Mastering abrasive thermal pastes
The completed modules are later inserted into the battery housing shell and connected to the cooling system frame. According to the authors, the complex geometry of the cells requires a measuring line with numerous corners and changes of direction. The dosing capacity and the speed of the axis movement must be linked and controlled in such a way that the glue is applied evenly and with the shortest possible cycle time.
According to the authors, dosing of the thermally conductive pastes is particularly challenging. The so-called gap fillers are heavily filled with abrasive substances and require correspondingly hard-wearing dosing systems. The material must also be transported with as little pressure as possible so that the thermal paste does not fill up.
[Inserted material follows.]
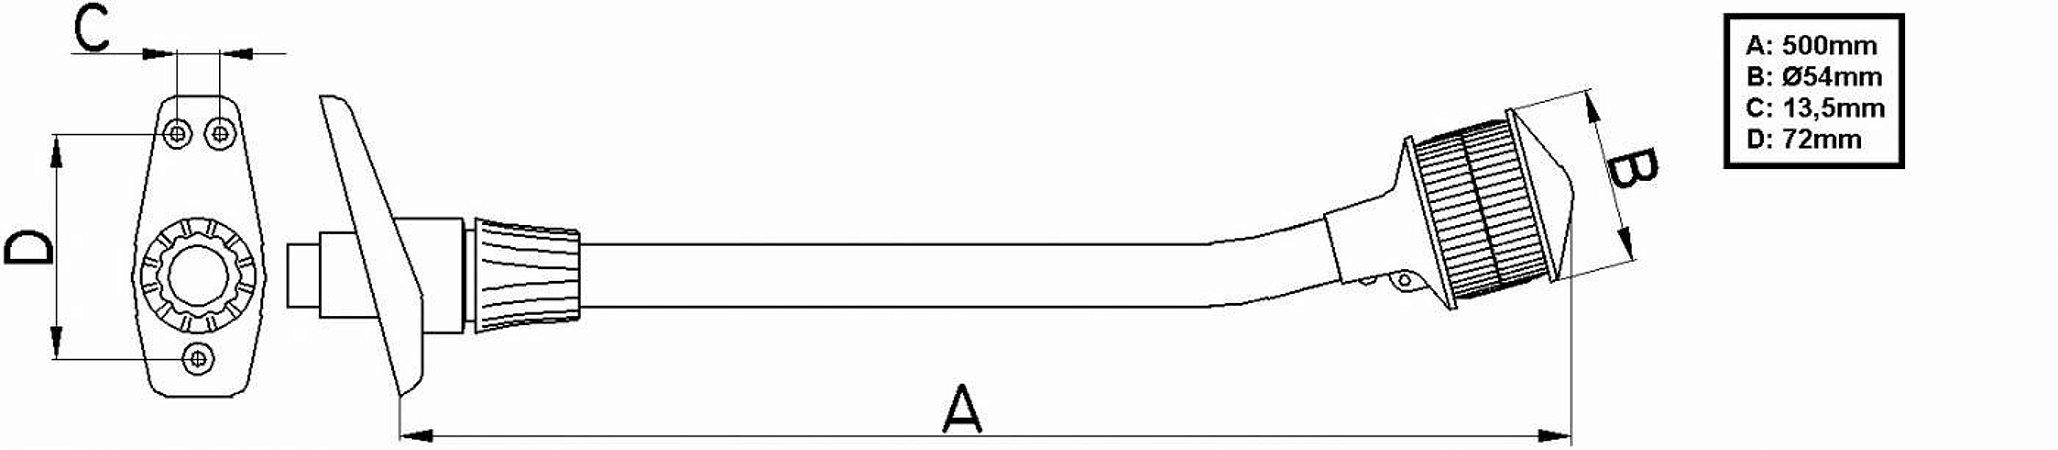 Mastro porta bandeira com Estrobo (LED)

According to the authors, advanced cavity pumps have proven themselves up to this task.
To ensure that threads do not form when the application is interrupted, the servo-controlled dosing pump, the application robotics and the dosing contour must be precisely matched to each other. The same applies to robot-assisted application of liquid seals for house bonding. According to the authors, the start and stop points of the adhesive beads are particularly susceptible to leaks and errors.
Too much thermal paste is wasted
Daniel Bös and Fabian Schaaf of Atlas Copco focus on material waste when applying thermally conductive pastes in their contribution Intelligent Thermal Management in the Battery Joining Process in Adhesion 7-7/22. The authors estimate that up to 15 kg of heat-conducting media are installed in a vehicle, and the costs are calculated at around 10 euros/kg. According to the authors, manufacturers often use too much material when dosing the pastes between the cell module and the battery compartment – the gaps have high tolerances of between 0.5 and 3 mm – to avoid the risk of insufficient filling and air pockets.
In their article, the authors therefore present a dosing system with coupled image processing. During the process, 3D sensors first measure the common surfaces of the battery module and the battery compartment. An algorithm then calculates the optimal amount of material for the respective application and sends a corresponding set of parameters to the system control. According to the authors, this saves weight and up to 20% in material costs.
According to the authors, however, the loss of material when changing the container is also problematic. Due to the high material density, the barrels are often only half full, and conventional pumps are not able to empty a barrel completely. With a 200-liter container with a capacity of 150 liters, about 3 to 6 liters remain unused each time the barrel is changed. With a new generation of pumps, which largely automates the barrel change and no longer requires manual venting and rinsing of the barrel, the material loss during barrel change can be reduced to 1 l according to the authors.